Index(['year', 'month', 'day', 'hour', 'station_id_17', 'station_id_68',
       'station_id_72', 'station_id_81', 'station_id_86', 'station_id_237',
       'station_id_253', 'station_id_255', 'station_id_264', 'station_id_279',
       'station_id_304', 'station_id_381', 'station_id_424', 'station_id_435',
       'station_id_542', 'station_id_587', 'station_id_597', 'station_id_601',
       'station_id_609', 'station_id_635', 'station_id_668', 'station_id_751',
       'station_id_758', 'station_id_759', 'station_id_919', 'station_id_929',
       'station_id_1037', 'station_id_1145', 'station_id_1152',
       'station_id_1154', 'station_id_1226', 'station_id_1379',
       'station_id_1488', 'station_id_1489', 'station_id_1532',
       'station_id_1609', 'station_id_1612', 'station_id_1643',
       'station_id_1746', 'station_id_1774', 'station_id_1847',
       'station_id_1906', 'station_id_1915', 'station_id_1955',
       'station_id_2011', 'station_id_2022', 'station_id_2024',
       '

In [19]:
# Also need to filter y_train and y_test
y_train = y_train[y_train.index.isin(X_train.index)]
y_test = y_test[y_test.index.isin(X_test.index)]

This feature map can be used now for <u>tree-based</u> methods.
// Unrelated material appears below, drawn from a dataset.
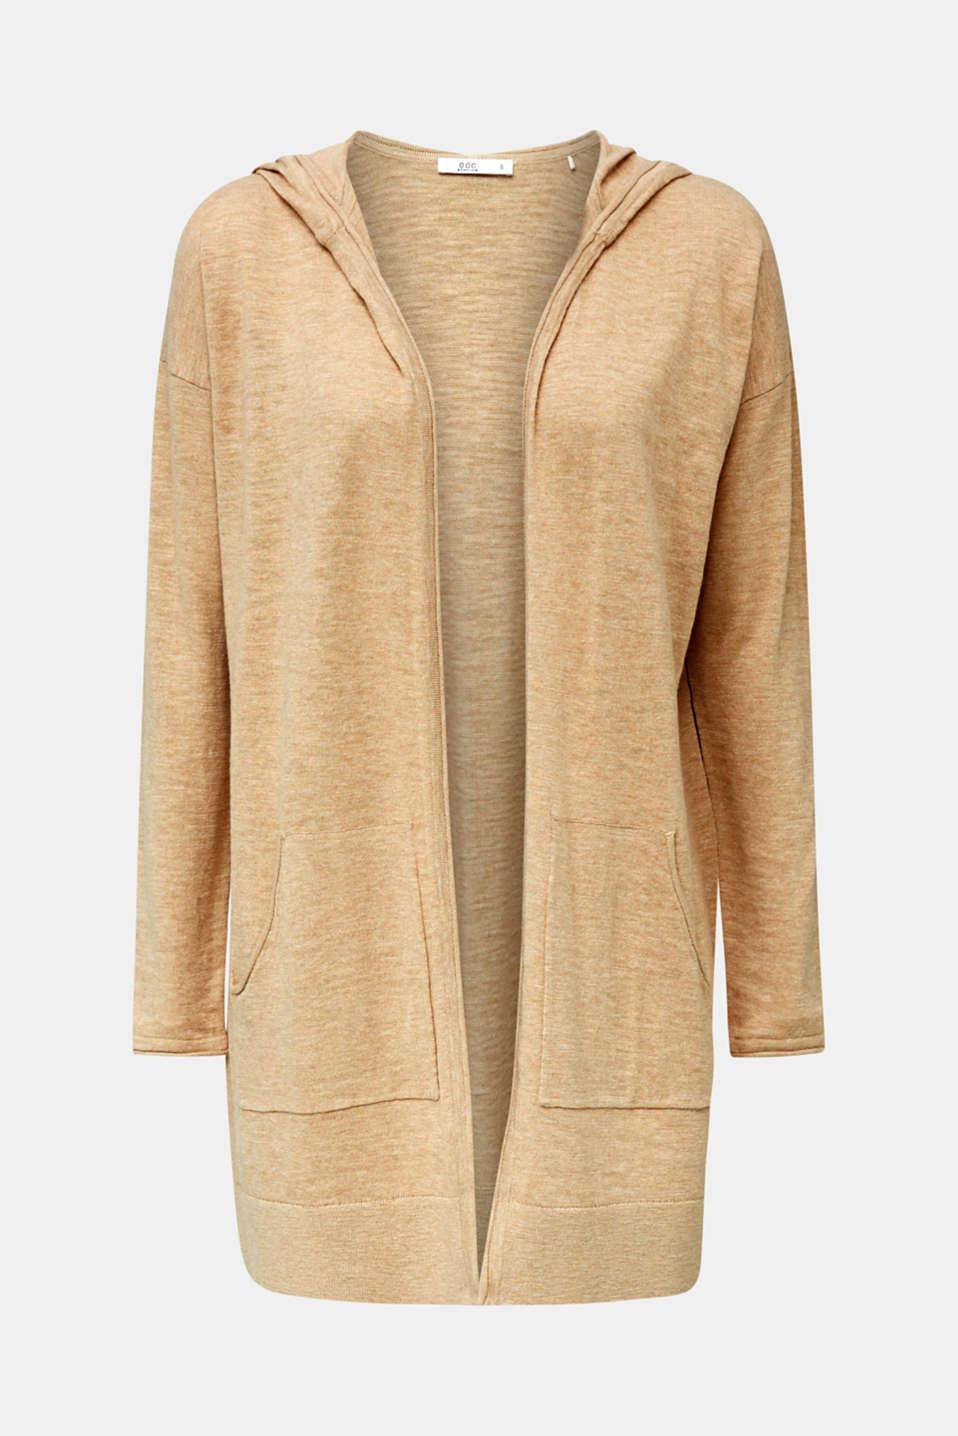 Cardigan, 100% cotton, LIGHT BEIGE 5, detail image number 6
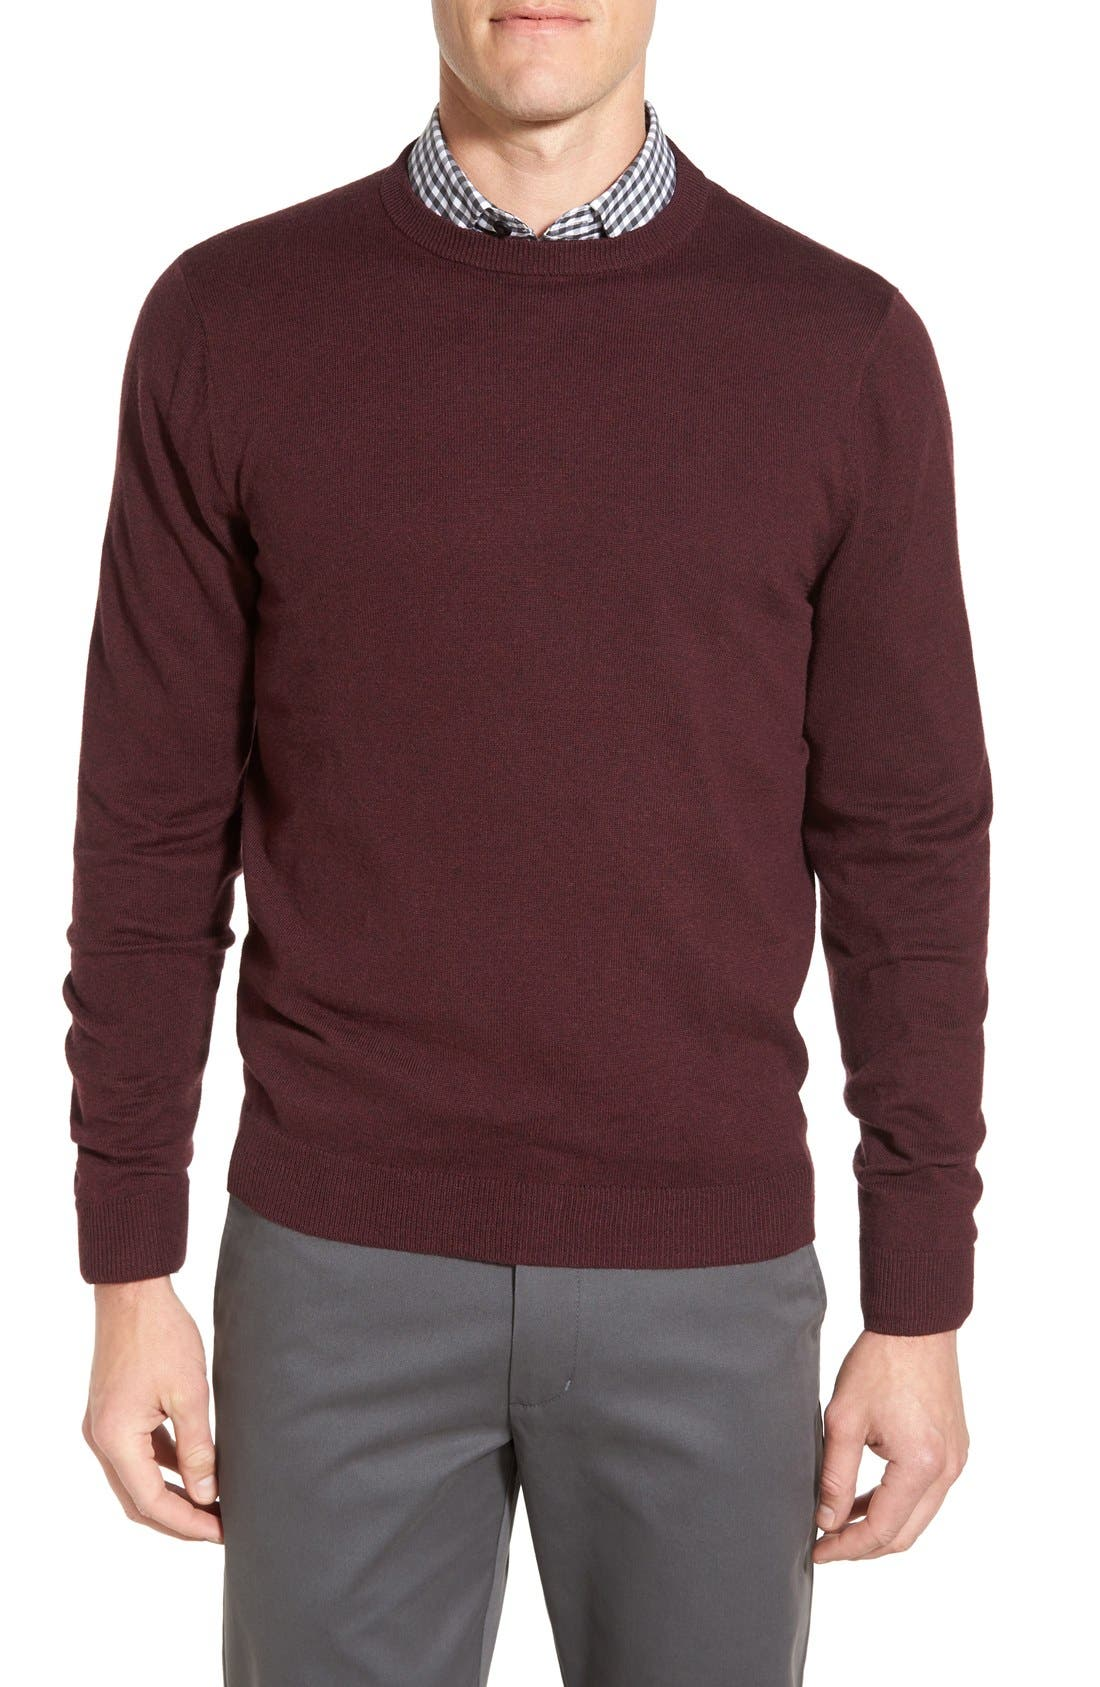 Alternate Image 1 Selected - Nordstrom Men's Shop Cotton & Cashmere Crewneck Sweater (Regular & Tall)

The cardinality has been reduced for better training time.

## Selecting a Model
A simple **Random Forest** approach is tried first to evaluate what the performane looks like. Note that Random forest can't handle *non-numeric* data until it is transformed! 

In [20]:
# training the model
from sklearn.ensemble import RandomForestRegressor
forest = RandomForestRegressor(random_state=2) 
forest.fit(X_train, y_train)

# training performance
from sklearn.metrics import mean_squared_error
from sklearn.metrics import r2_score
y_train_pred = forest.predict(X_train)
print(mean_squared_error(y_train, y_train_pred),r2_score(y_train, y_train_pred))

0.6746495255775576 0.9447442447917629


In [21]:
# performance on test set
y_test_pred = forest.predict(X_test)
print(mean_squared_error(y_test, y_test_pred), r2_score(y_test, y_test_pred))

8.455069602585258 0.5286546992647055


## Preliminary Results
- With 20 stations, R-squared on test data was 0.541 
- With 50 stations, R-squared on test data was 0.527
- With 450 stations, R-squared on test data was 0.528

More than 50% of the variation in the target variable can be explained just by using *datetime* features. It is expected that having more relevant features should be able to explain higher portion of total variance in *y*.
<br><br>
Hyperparameter tuning and model selection should also help increase performance on the test set.